The Companies Ordinance (S. 205) effectively allows companies
to be continued into TCI as exempted companies providing the
laws of the jurisdiction of incorporation are reciprocal (most
countries). Companies continued into the jurisdiction are
treated as though they had been incorporated under the laws of
TCI when continued. It should be noted that this does not have
the effect of creating a new legal entity.
Why Continue a Company into TCI?
Companies (both public and private) carrying
on with international business (not including TCI) should
consider whether the following features of TCI exempted
companies would be beneficial to their businesses:
Automatic exemption from any direct taxation
in the form of income, capital gains, dividends, inheritance or
gift tax in TCI for 20 years from the date of its incorporation.
Meaning that TCI taxation will not have to be considered after
continuation for as long as the exemption lasts allowing
management to concentrate on more important issues;
TCI companies are not required to have their
mind and management resident in TCI. This makes TCI attractive
for companies with operations in different jurisdictions (e.g.
software companies; oil and gas exploration companies; etc.)

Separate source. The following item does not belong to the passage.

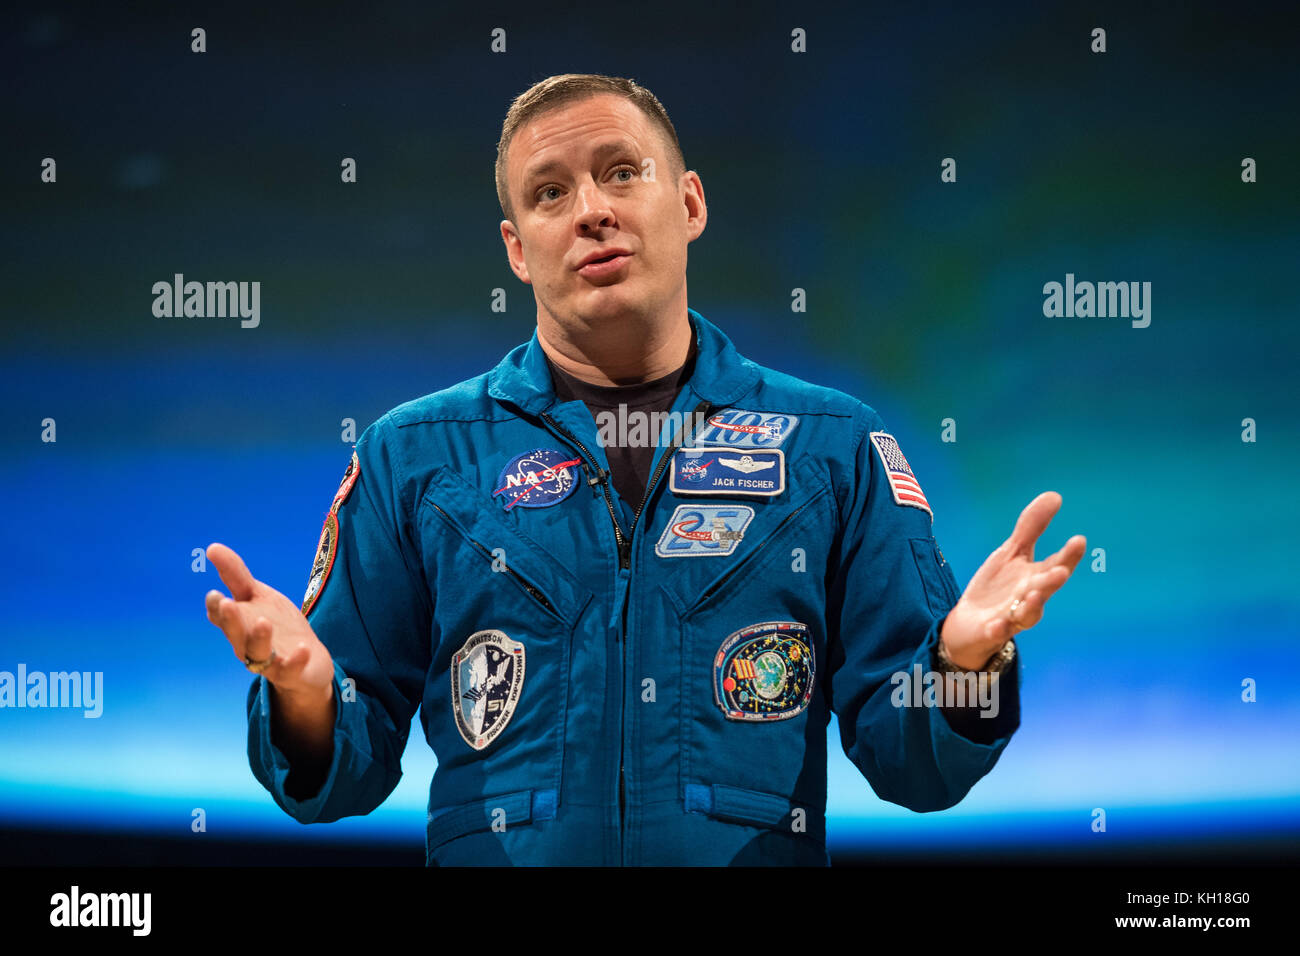 NASA Expedition 51 and Expedition 52 prime crew astronaut Jack Fischer speaks about his time onboard the International Space Station at the Smithsonian National Air and Space Museum November 3, 2017 in Washington, DC.   (photo by Aubrey Gemignani via Planetpix) Stock Photo

which require the oversight of the directors - allowing such
companies to select the most qualified persons as directors
irrespective of their place of residence;
In jurisdictions with tax systems based on
residency continuing a company into TCI will often have the
effect of making the company non-resident for tax purposes which
may in some instances result in favorable tax treatment;
Requirements such as where, when and how a
company must call and hold its annual general meetings and
extraordinary general meetings are not fixed by statute and are
a matter for internal regulation (typically set out in the
articles of association). Contrary requirements imposed by the
legislation of many jurisdictions relating matters such as
notice, quorums, which types of decisions require special
resolutions, etc. can involve companies in inordinate expense
over time, which can be avoided by making the company subject to
the laws of the TCI.
The articles of association of TCI companies
may allow for the staggered appointment of directors
Many high tax (and regulatory) jurisdictions
have some form of corporate emigration rules which apply to
companies moving their operations to another jurisdictional base
such as TCI.
[An example of this would be Canada, where a company being
continued to TCI would in the ordinary course be deemed to have
had a taxation year ended immediately prior to being continued
and each asset would be deemed to have been disposed of by it
for proceeds of disposition equal to that property's fair market
value - any gains or losses in this respect would be taken into
account when determining the taxable income for the fiscal
period ending immediately prior to continuation and would be
subject to tax in the ordinary way.]
Companies anticipating that the market value of certain of their
assets will appreciate in value dramatically should consult
their resident tax advisers in advance to establish whether they
could benefit by continuing the company into TCI before such
appreciation in value occurs.
From a share holder's perspective a continuation of a company
into TCI should not constitute a taxable event where properly
structured meaning that shareholders will continue to hold their
shares at the same cost adjusted base as before the continuance.
However, dividends paid to members/shareholders in high tax
jurisdictions after continuance to TCI may no longer attract
dividend tax credits (or deductions in the case of corporate
members). The situation would also have to be considered from
the perspective of shareholders tax-advantaged retirement
Corporation Services in conjunction with its
associated law offices have advised and assisted in relation to
the continuation of both public and private companies into (and
out of) TCI, are conversant with many of the considerations that
arise and are well placed to work with clients' on-shore legal
and tax advisers to ensure that objectives are met.
Companies to do Business in TCI
Foreign Companies wishing to do business in TCI and not
wishing to set up a subsidiary for the purpose, are required
by the Companies Ordinance to apply to the Registrar of
Companies in TCI to be registered as a foreign company and
maintain a registered office within the jurisdiction for the
purpose. Such companies are not in the ordinary course
permitted to hold land, but can lease properties and hold
registerable charges/mortgages over properties in the islands.
We will be happy to assist and advise in this respect.
Such companies will also have to obtain a Business License in
the appropriate category, will need to consider immigration
requirements for non-Belonger employees/management and their
status and obligations as employers under the National
Insurance Ordinance and subsidiary regulations.